We will check the model estimates using the function
summary()
. Because R is an OOP (Object-oriented
Programming) language, the method used by summary is different depending
on the class of the object (See Advanced R to learn
more about this topic). Let’s see what happens when we apply the
function to our object mod_cat
.
summary(mod_cat)
Call:
lm(formula = growth ~ tannin, data = cat)
Residuals:
Min 1Q Median 3Q Max
-2.4556 -0.8889 -0.2389 0.9778 2.8944
Coefficients:
Estimate Std. Error t value Pr(>|t|)
(Intercept) 11.7556 1.0408 11.295 9.54e-06 ***
tannin -1.2167 0.2186 -5.565 0.000846 ***
---
Signif. codes: 0 '***' 0.001 '**' 0.01 '*' 0.05 '.' 0.1 ' ' 1
Residual standard error: 1.693 on 7 degrees of freedom
Multiple R-squared: 0.8157, Adjusted R-squared: 0.7893
F-statistic: 30.97 on 1 and 7 DF, p-value: 0.0008461
ggplot(data = cat, mapping = aes(x = tannin, y = growth)) +
geom_point() +
geom_smooth(method = lm) +
theme_classic()
summary.aov(mod_cat)
Df Sum Sq Mean Sq F value Pr(>F)
tannin 1 88.82 88.82 30.97 0.000846 ***
Residuals 7 20.07 2.87
---
Signif. codes: 0 '***' 0.001 '**' 0.01 '*' 0.05 '.' 0.1 ' ' 1
predict(mod_cat)
1 2 3 4 5 6 7
11.755556 10.538889 9.322222 8.105556 6.888889 5.672222 4.455556
8 9
3.238889 2.022222
cat$fitted <- predict(mod_cat)
ggplot(data = cat) +
geom_point(aes(x = growth, y = fitted)) +
geom_abline(aes(slope = 1, intercept = 0)) +
theme_classic()
Using the following plots we can check the linear model assumptions.
3 possible outliers
In this section we will use the package fitdistrplus to find which distribution best fit the data. The examples here are extracted from Delignette-Muller & Dutang 2015.
We will use the data inside the package stored in the object
groundbeef
'data.frame': 254 obs. of 1 variable:
$ serving: num 30 10 20 24 20 24 40 20 50 30 ...
plotdist(groundbeef$serving, histo = TRUE, demp = TRUE)
First, let’s describe the distribution using descriptive statistics such as median, mean, standard deviation, skewness (asymmetry) and kurtosis (“taildness”).

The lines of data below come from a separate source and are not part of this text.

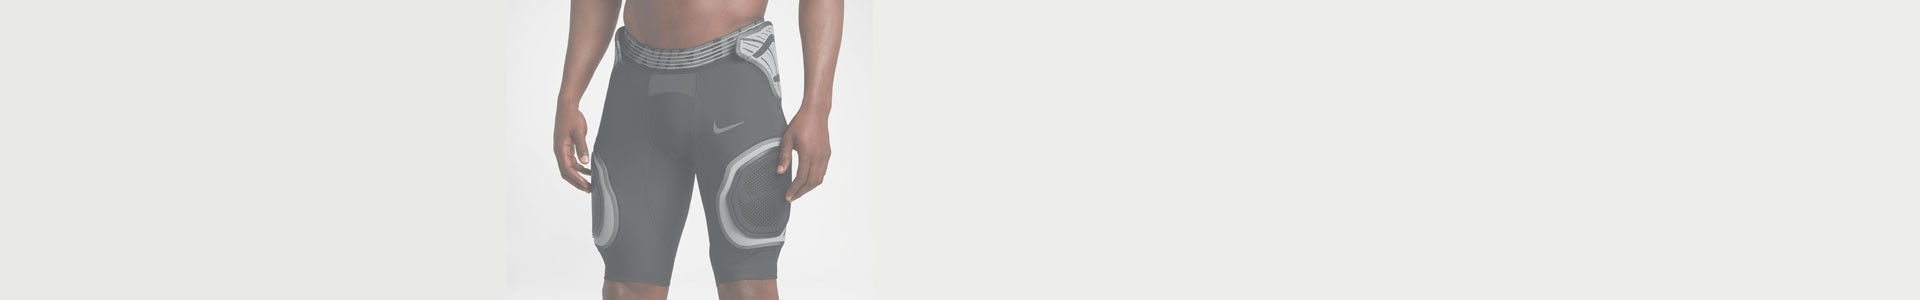 Pantalones de Fútbol Americano online | Compra en AnyGivenSunday.Shop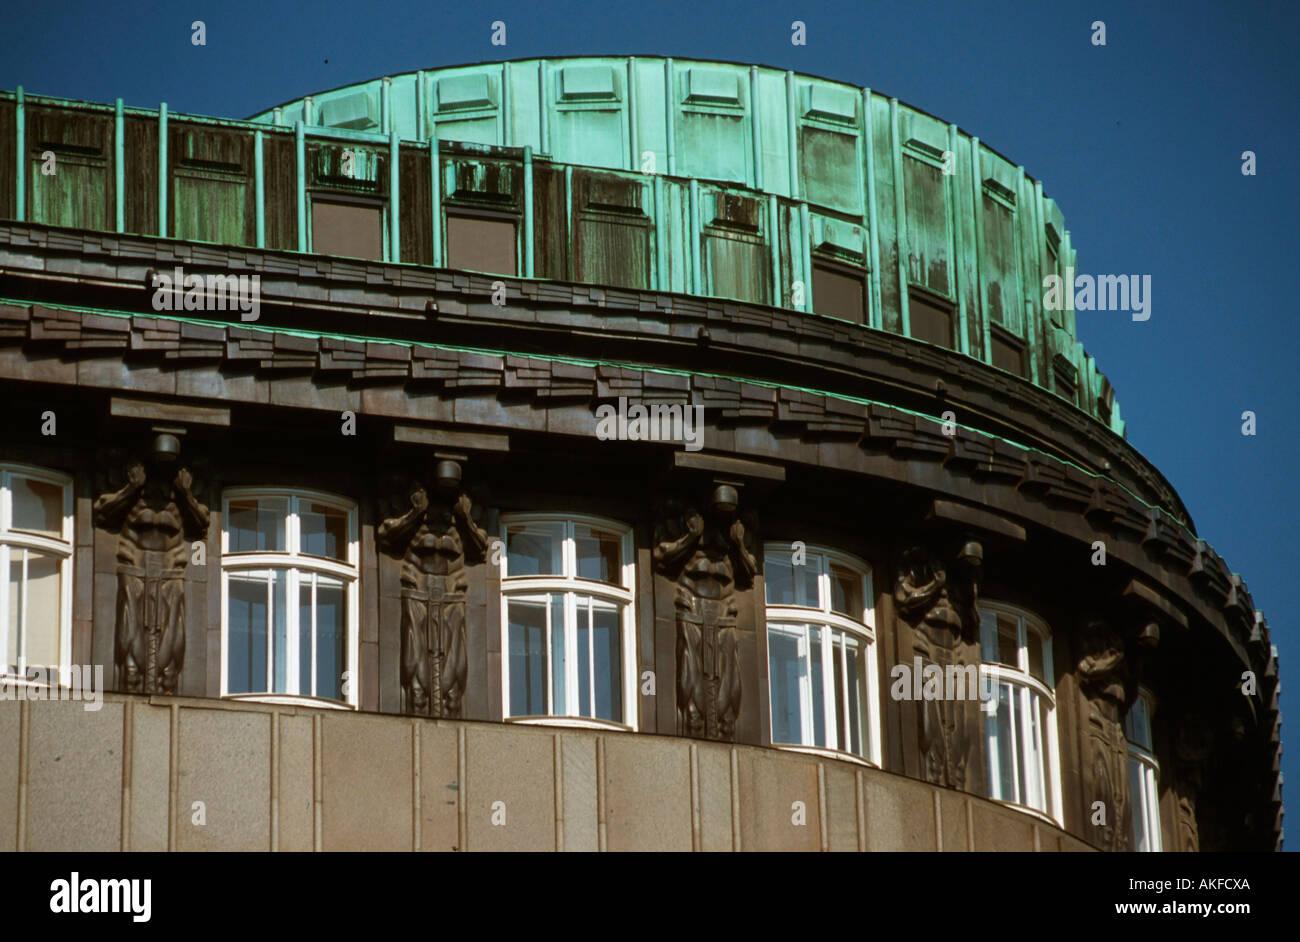 Österreich, Wien I, Brandstätte, tragende Atlanten am Jugendstilhaus von Architekt Josef Plecnik. - Stock Image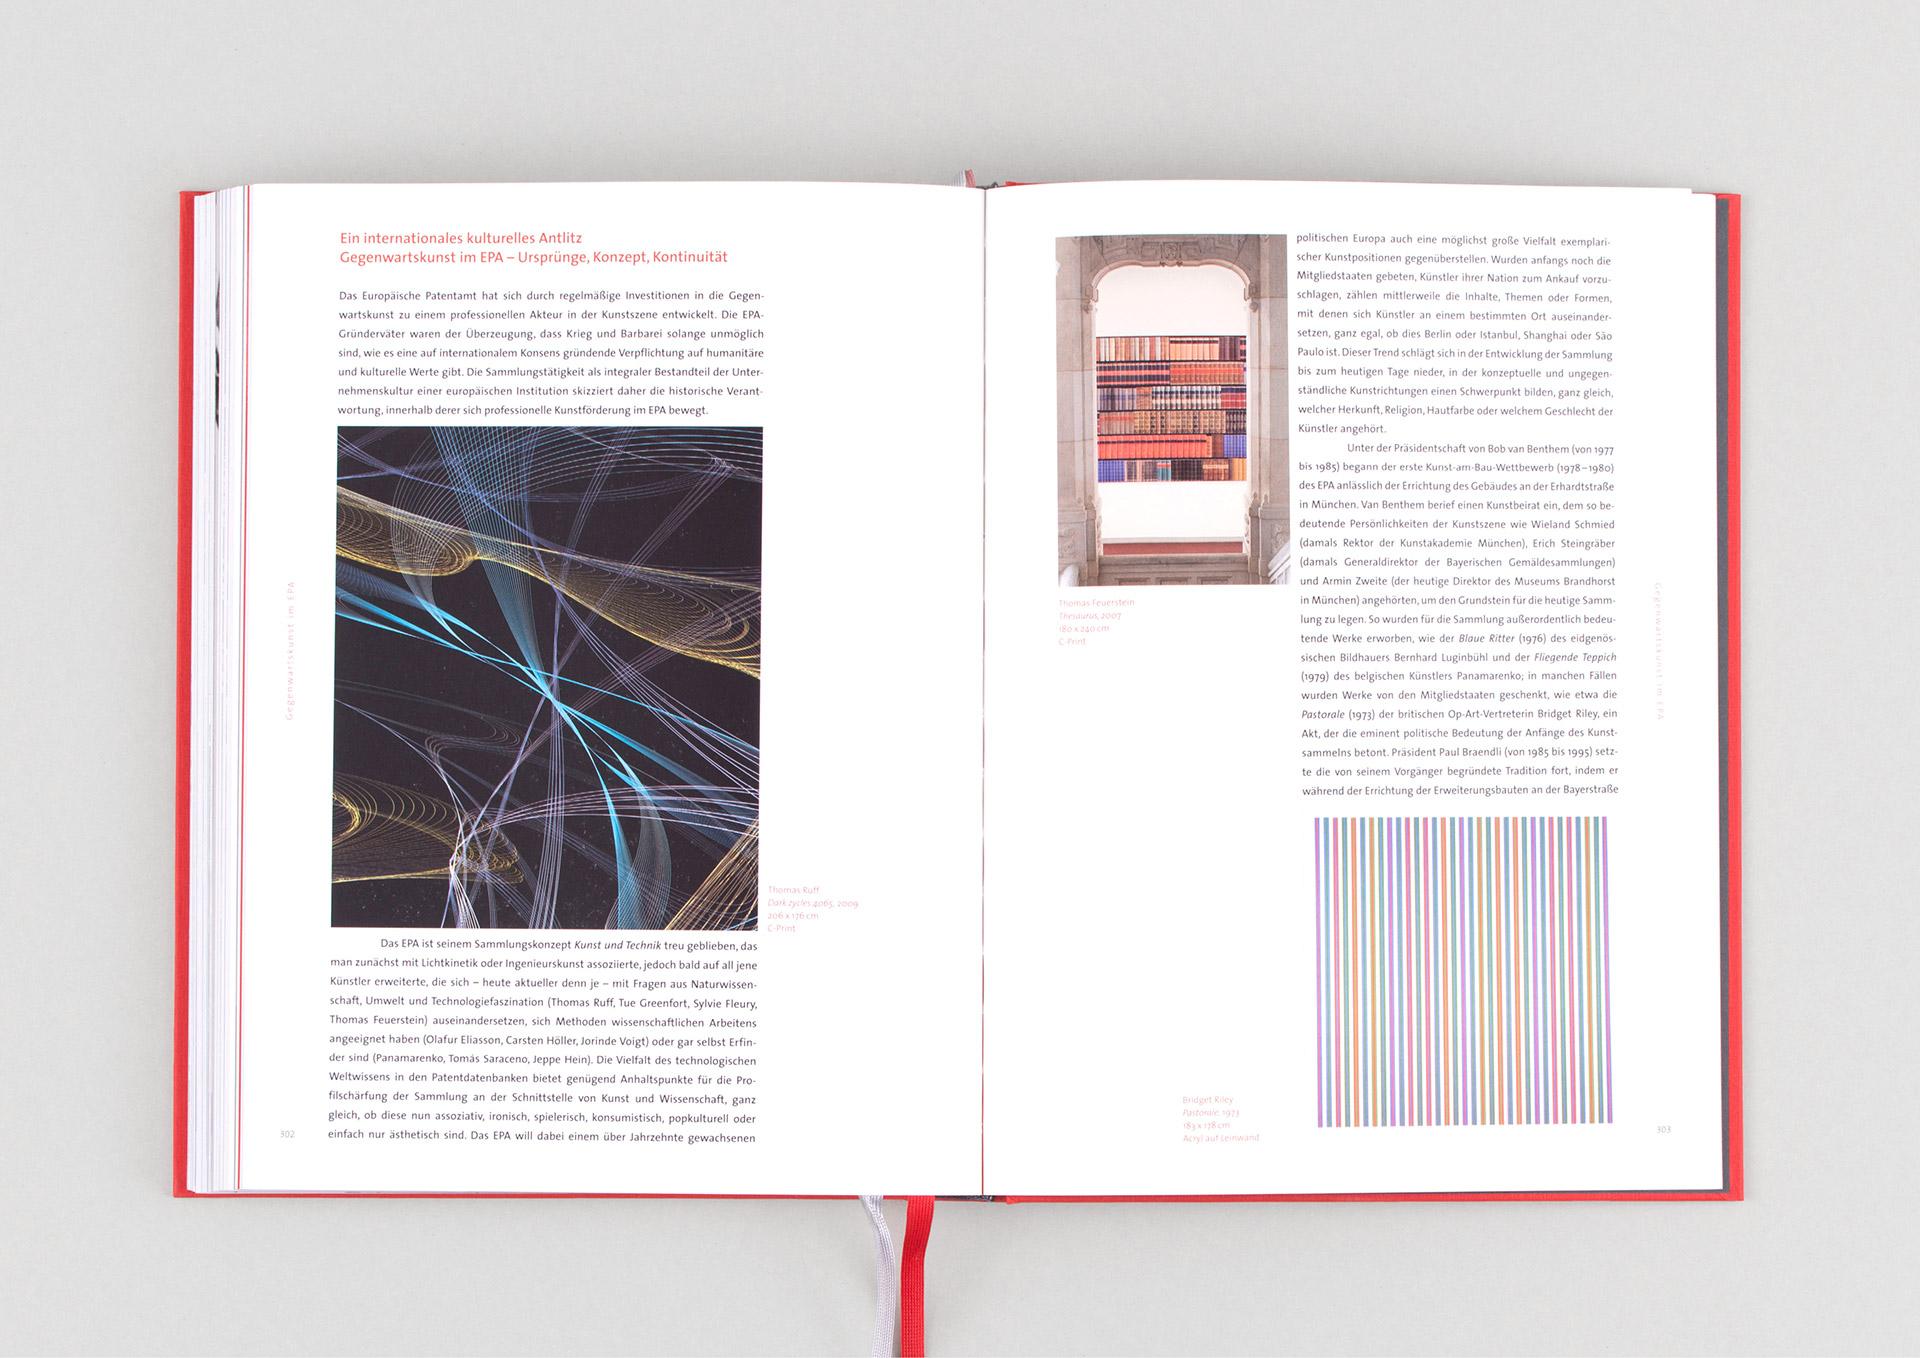 Martin-Steiner-Gestaltung152_b

descdist(groundbeef$serving, boot = 1000)
summary statistics
------
min: 10 max: 200
median: 79
mean: 73.64567
estimated sd: 35.88487
estimated skewness: 0.7352745
estimated kurtosis: 3.551384
Checking if the Weibull distribution fits to data.
Fitting of the distribution ' weibull ' by maximum likelihood
Parameters :
estimate Std. Error
shape 2.185885 0.1045755
scale 83.347679 2.5268626
Loglikelihood: -1255.225 AIC: 2514.449 BIC: 2521.524
Correlation matrix:
shape scale
shape 1.000000 0.321821
scale 0.321821 1.000000
Comparing with other continuous distributions for skewed data such as the gamma and lognormal distributions.
fg <- fitdist(groundbeef$serving, "gamma")
fln <- fitdist(groundbeef$serving, "lnorm")
par(mfrow = c(2, 2))
plot_legend <- c("Weibull", "lognormal", "gamma")
denscomp(list(fw, fln, fg), legendtext = plot_legend)
qqcomp(list(fw, fln, fg), legendtext = plot_legend)
cdfcomp(list(fw, fln, fg), legendtext = plot_legend)
ppcomp(list(fw, fln, fg), legendtext = plot_legend)
Comparing the distributions with Goodnes-of-fit statistics
Goodness-of-fit statistics
1-mle-weibull 2-mle-lnorm 3-mle-gamma
Kolmogorov-Smirnov statistic 0.1396646 0.1493090 0.1281246
Cramer-von Mises statistic 0.6840994 0.8277358 0.6934112
Anderson-Darling statistic 3.5736460 4.5436542 3.5660192
Goodness-of-fit criteria
1-mle-weibull 2-mle-lnorm 3-mle-gamma
Akaike's Information Criterion 2514.449 2526.639 2511.250
Bayesian Information Criterion 2521.524 2533.713 2518.325
Be aware that some statistics such as Cramer-von Mises, Kolmogorov-Smirnov and Anderson-Darling statistic are complicated to be used when comparing distributions with different numbers of parameters. Information Criteria are more interesting and take into account overfitting.